(WHAT TO WORK ON):
Verbatim output of the lines below is required, with the images omitted.

(RAW DATA):
# # #

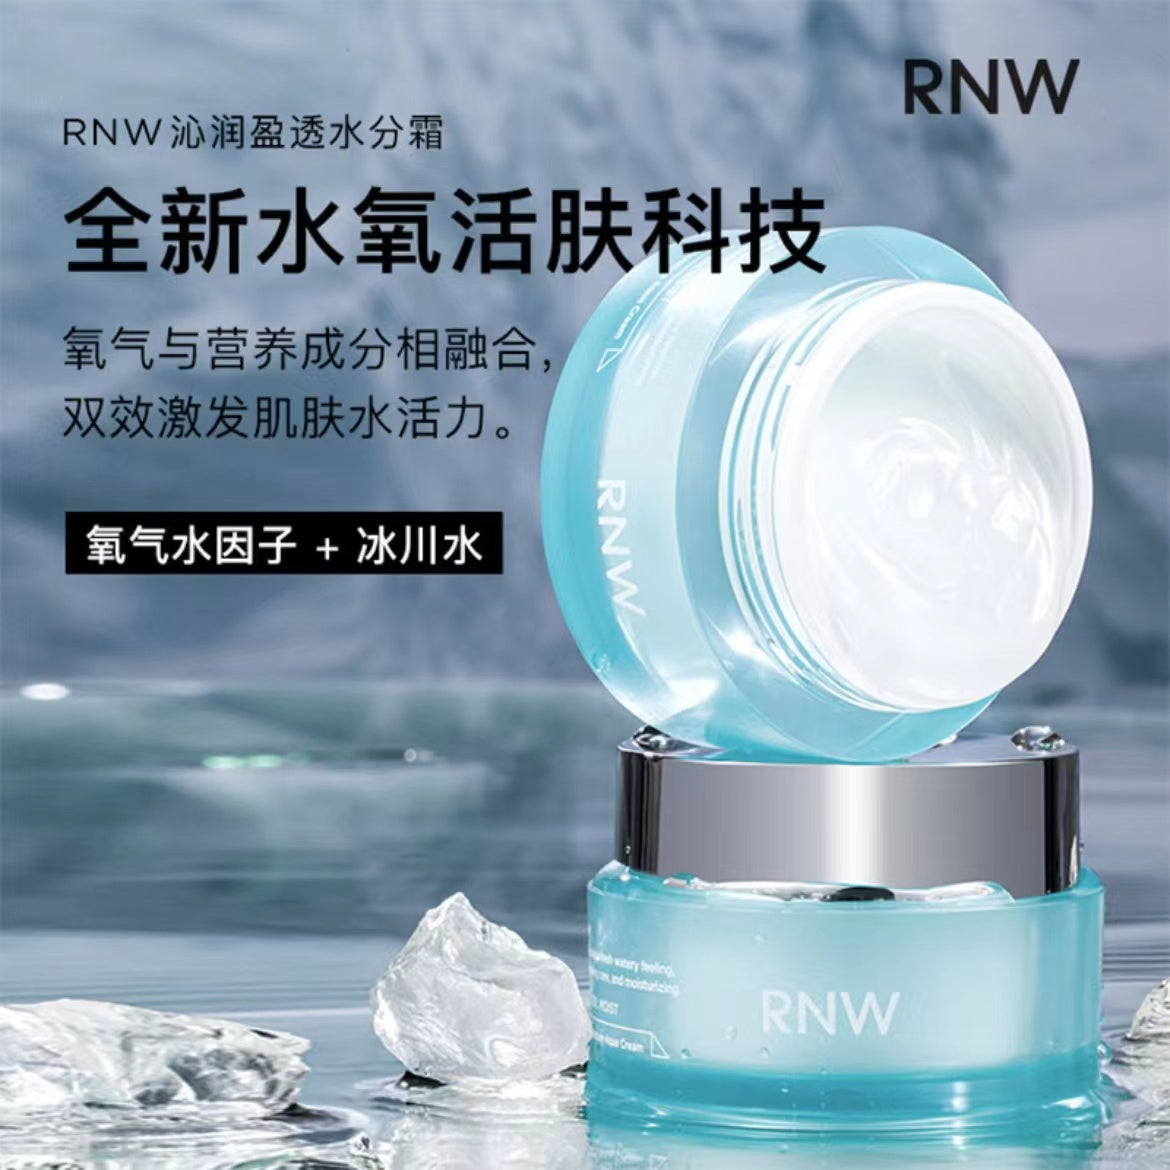 RNW Hyaluronic Acid Excellent Moisture Aqua Face Cream 50g 如薇盈透沁润水分霜
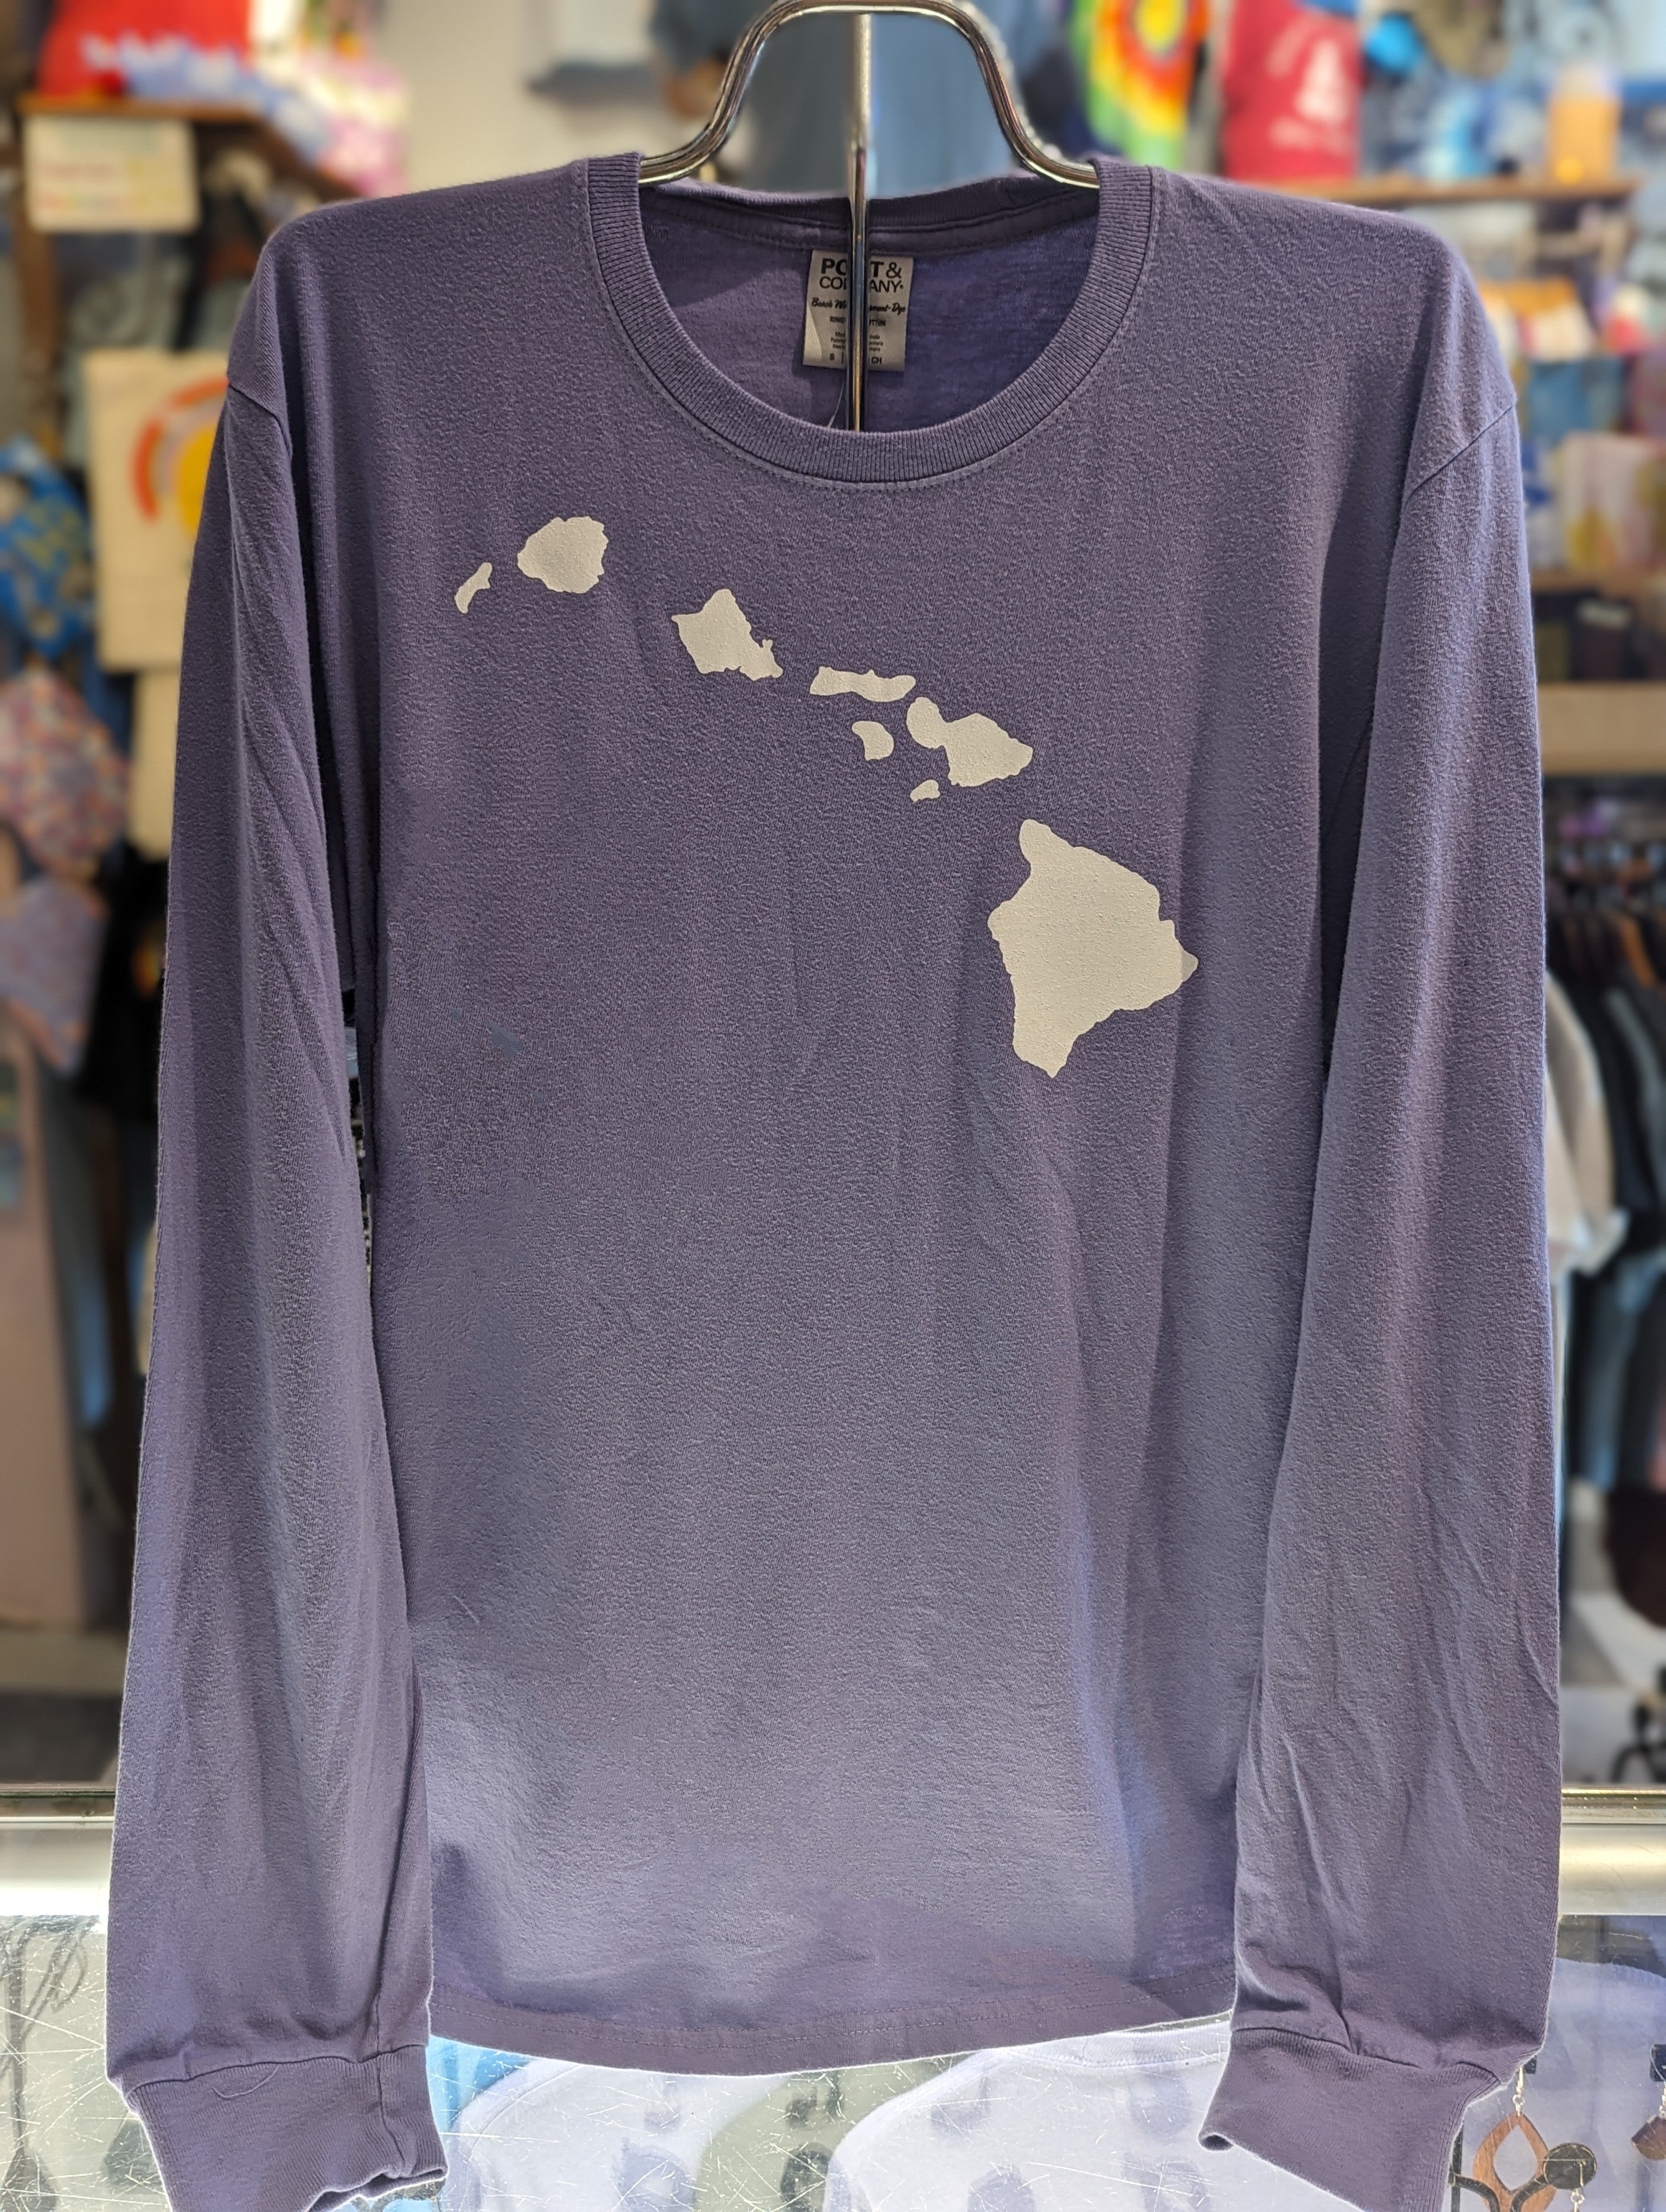 Men's Long-Sleeve Purple "Islands" Shirt
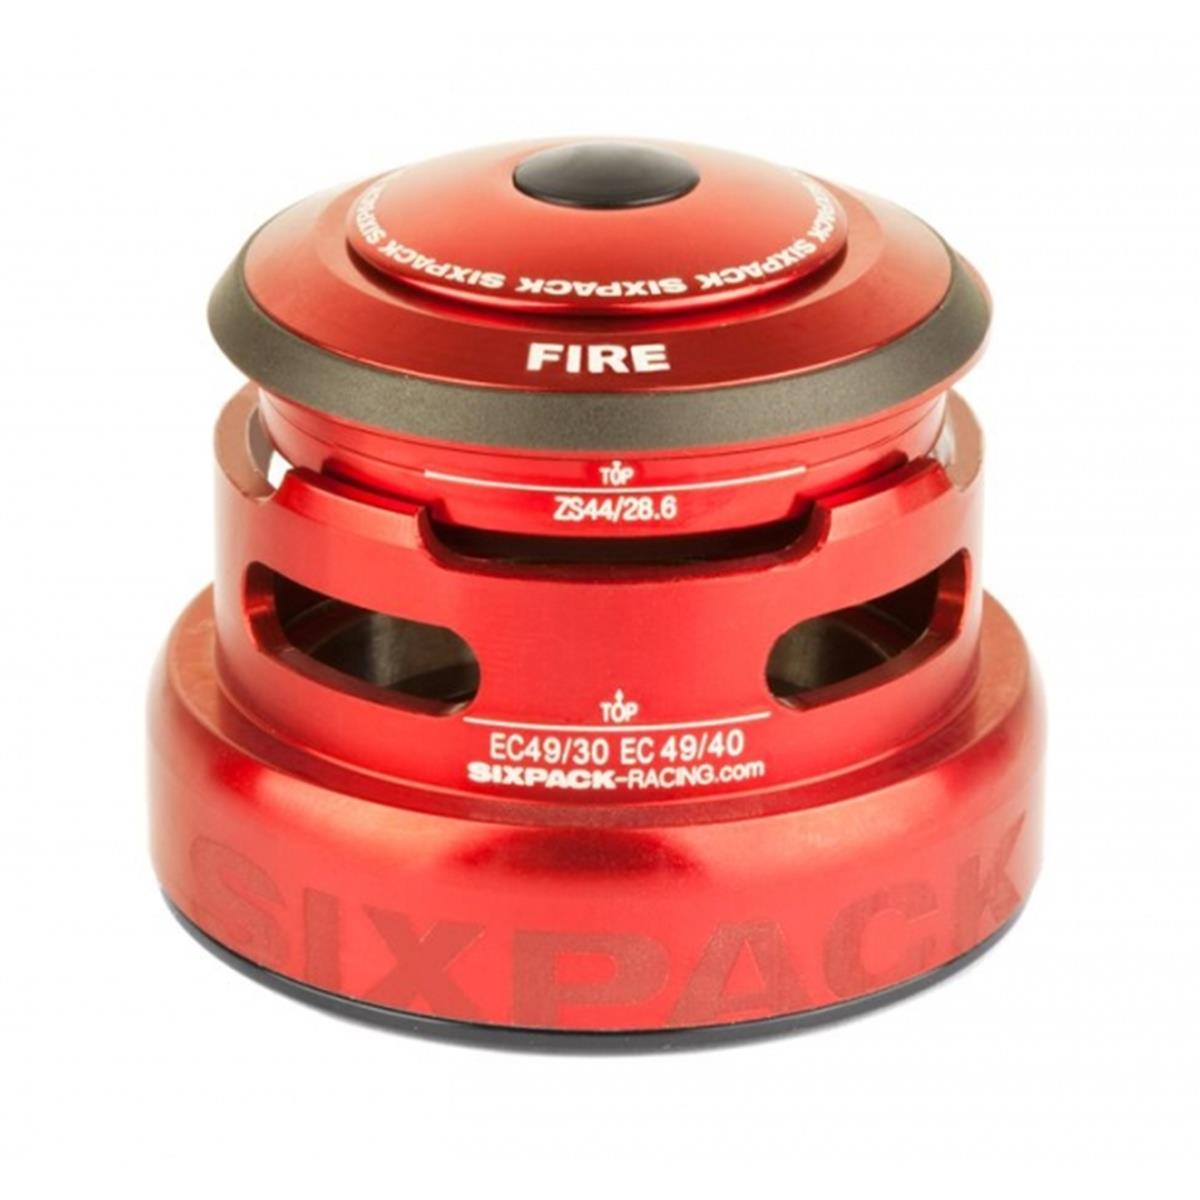 Sixpack Headset Fire 2in1 Red, ZS44/28.6 I EC49/30 & ZS44/28.6 I EC49/40

# # #

(OUTPUT FOR THIS EXERCISE):
 RNW Hyaluronic Acid Excellent Moisture Aqua Face Cream 50g 如薇盈透沁润水分霜
 Men's Long-Sleeve Purple "Islands" Shirt
 Sixpack Headset Fire 2in1 Red, ZS44/28.6 I EC49/30 & ZS44/28.6 I EC49/40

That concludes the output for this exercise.